## INFORMATION SUPPLIED
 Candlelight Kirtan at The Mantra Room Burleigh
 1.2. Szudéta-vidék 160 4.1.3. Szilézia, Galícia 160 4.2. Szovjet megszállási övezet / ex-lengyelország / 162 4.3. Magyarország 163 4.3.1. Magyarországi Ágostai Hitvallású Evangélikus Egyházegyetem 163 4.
...
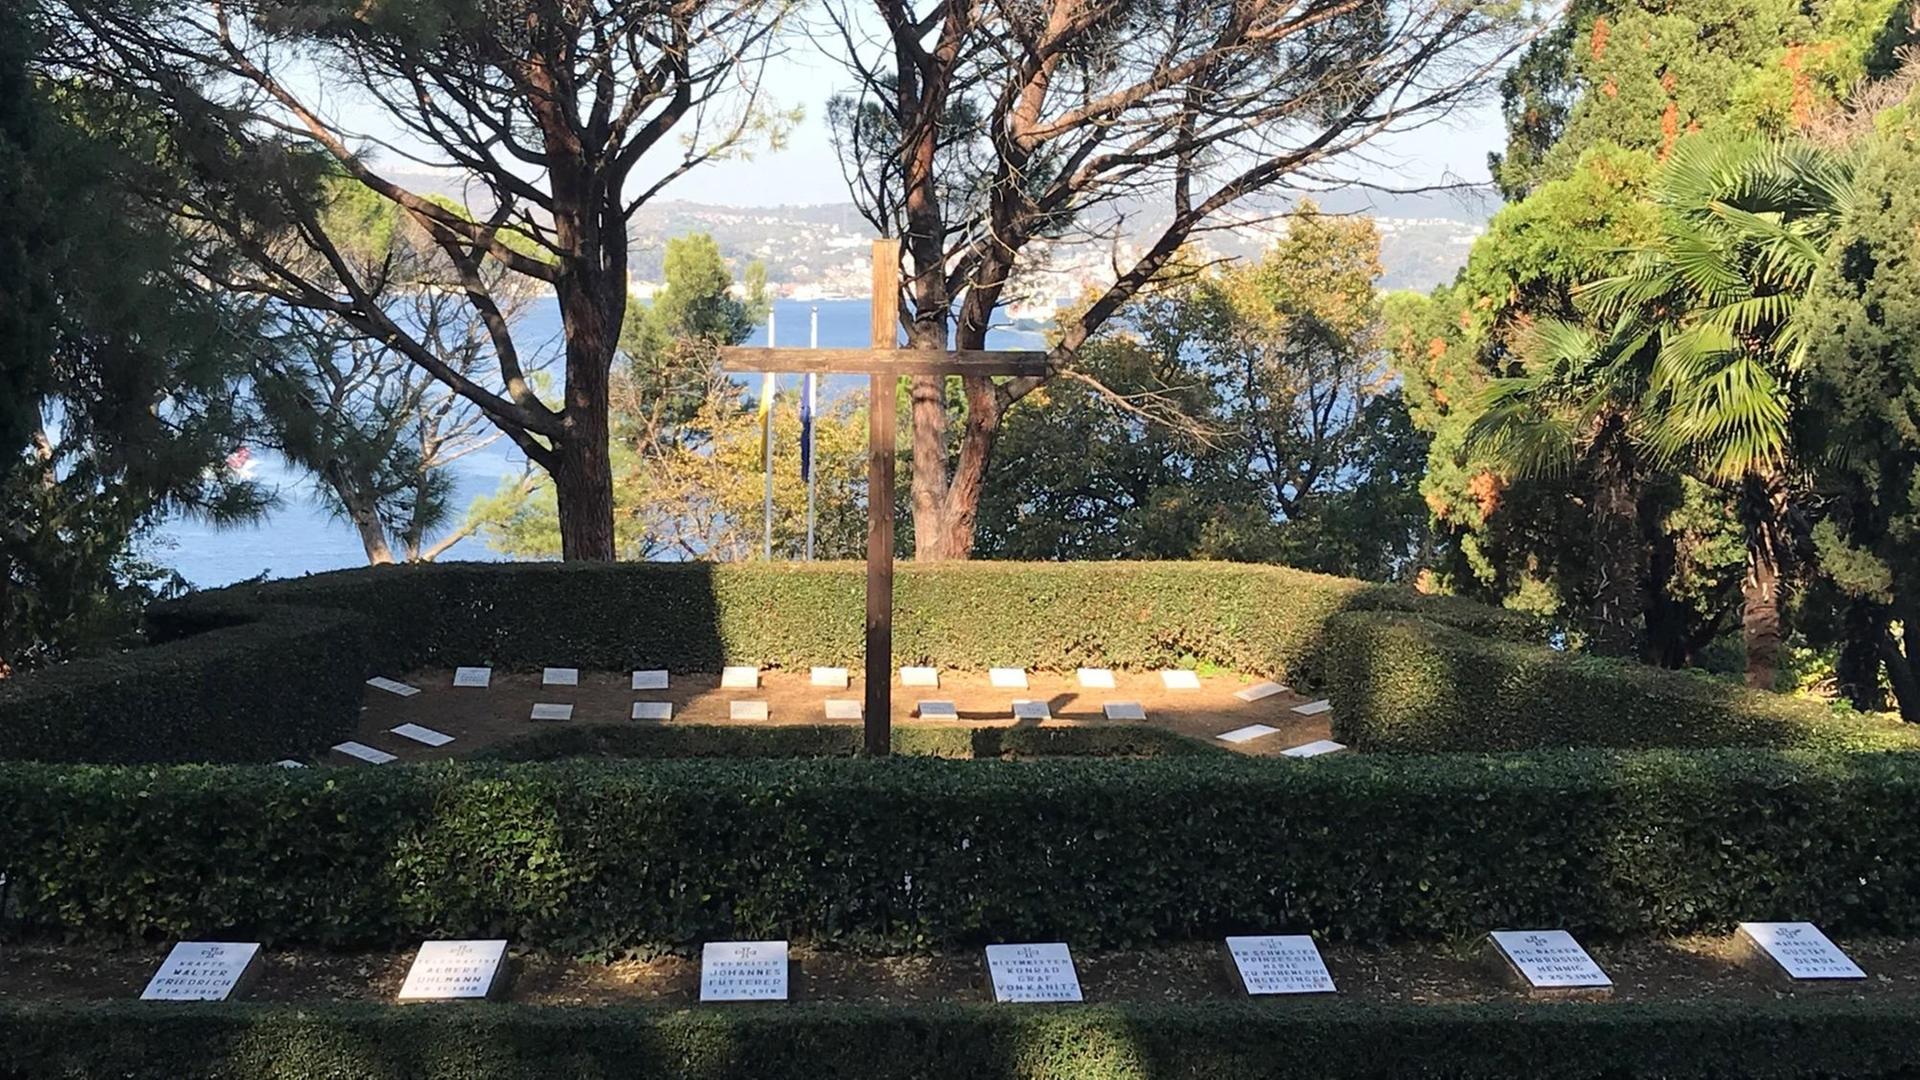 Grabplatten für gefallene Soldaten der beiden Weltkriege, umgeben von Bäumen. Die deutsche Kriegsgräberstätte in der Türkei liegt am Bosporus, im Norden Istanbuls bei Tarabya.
---
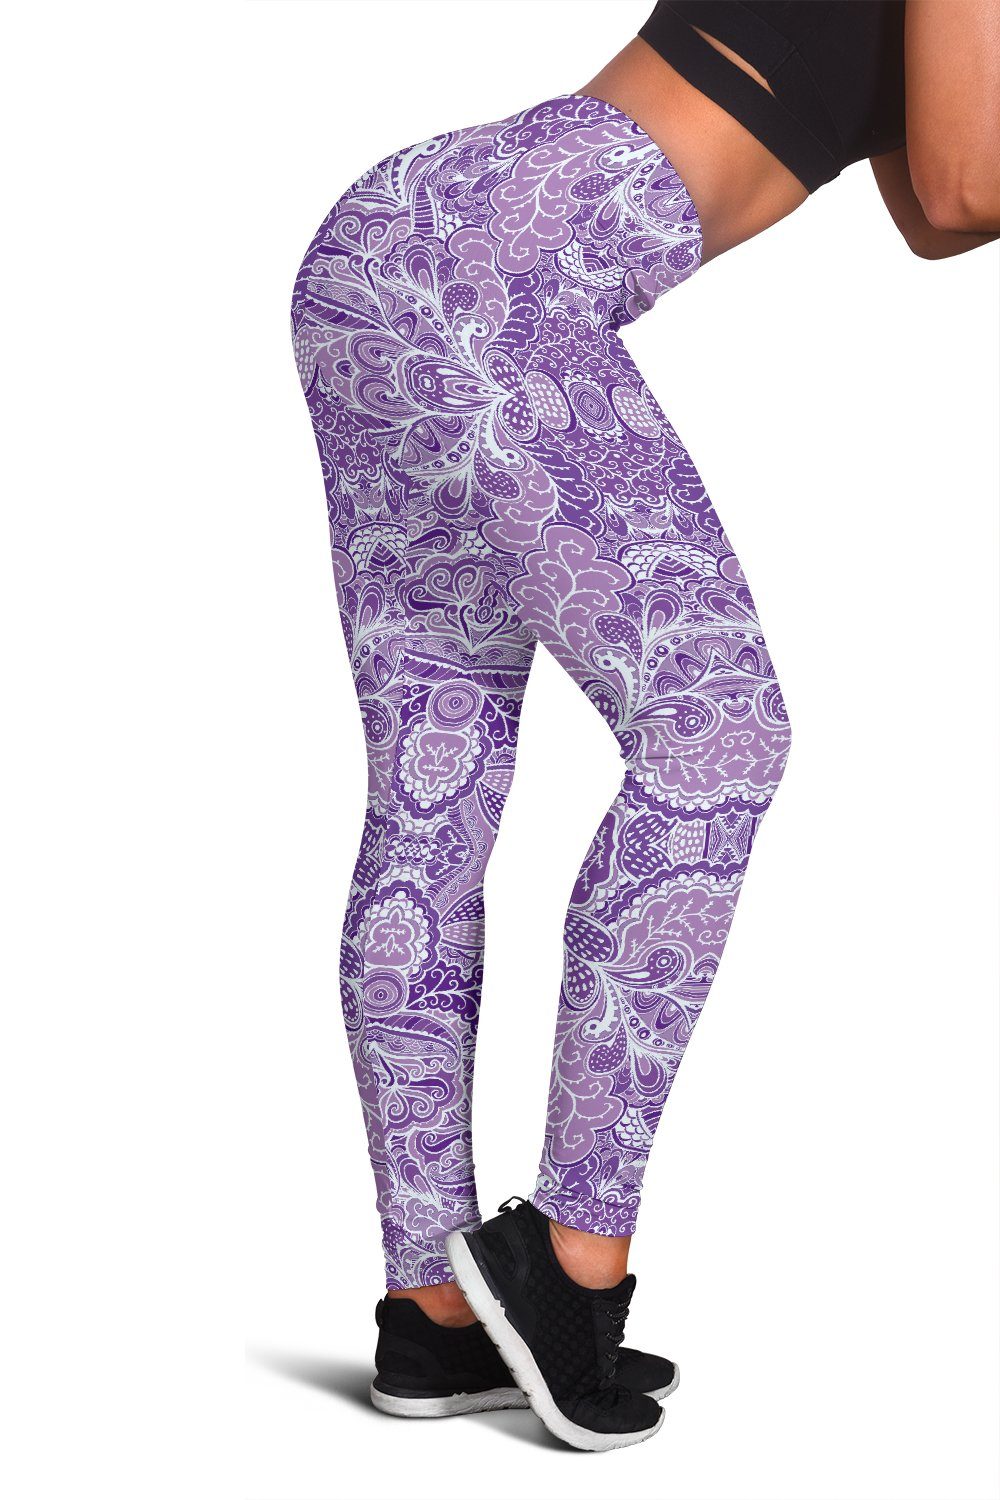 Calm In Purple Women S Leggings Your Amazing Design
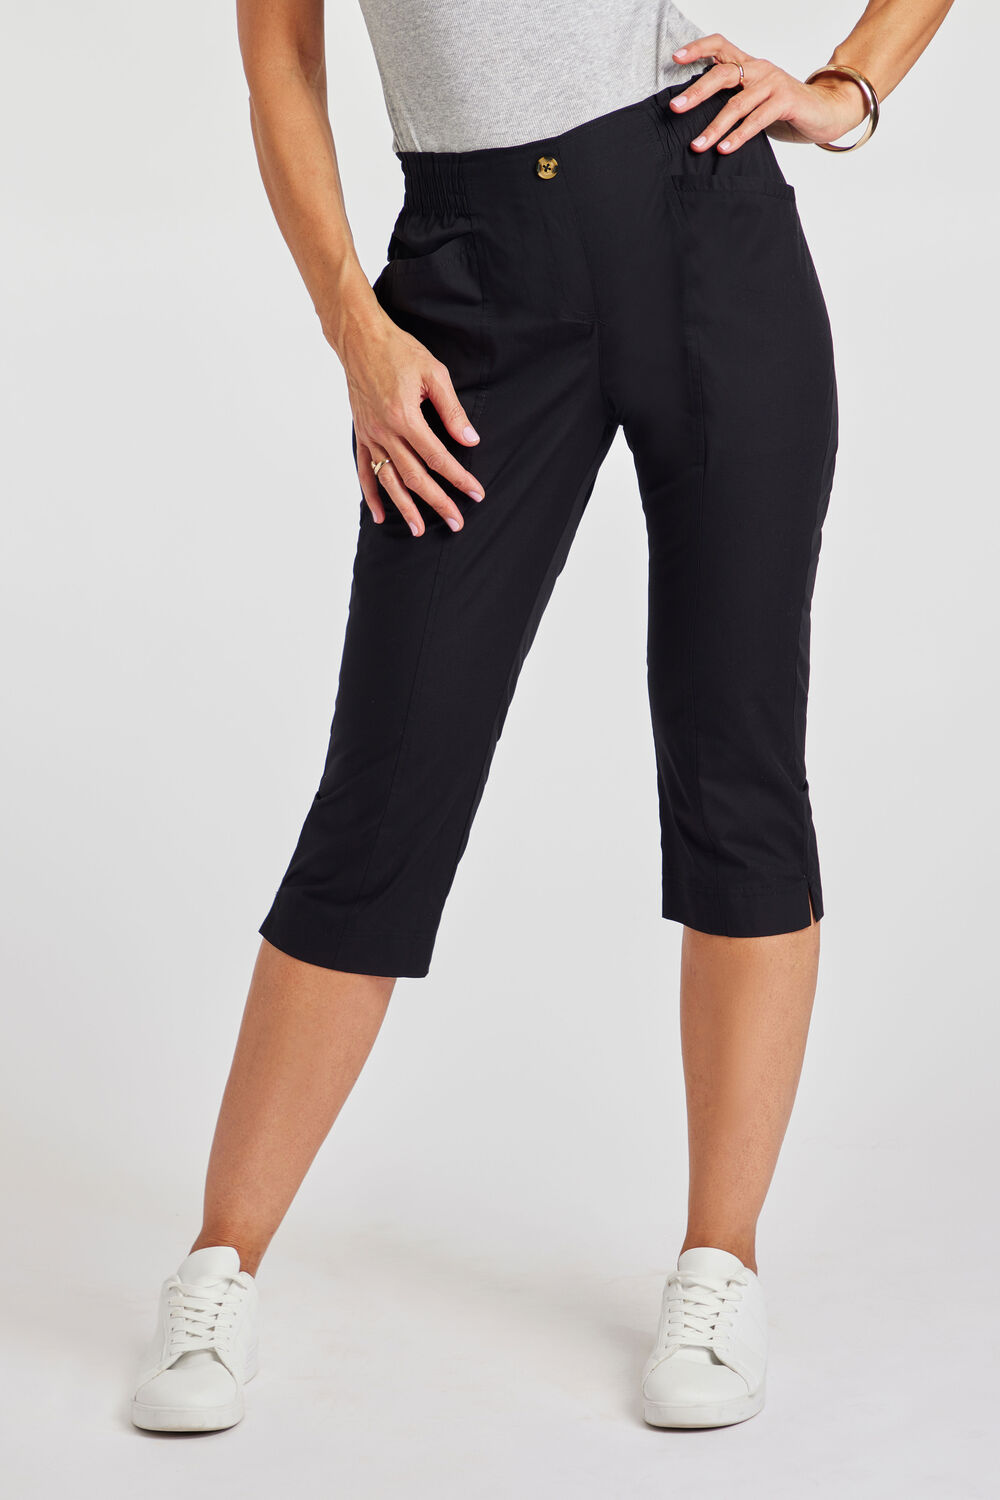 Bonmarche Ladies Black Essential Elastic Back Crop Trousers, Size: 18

## EXERCISE PROMPT
Return exactly the part of the listing above that opens with the line containing "Calm In Purple" and closes with the line containing "Bonmarche Ladies Black". Pictures stay out.

## RESULT FOR THIS EXERCISE
 Calm In Purple Women S Leggings Your Amazing Design
 Bonmarche Ladies Black Essential Elastic Back Crop Trousers, Size: 18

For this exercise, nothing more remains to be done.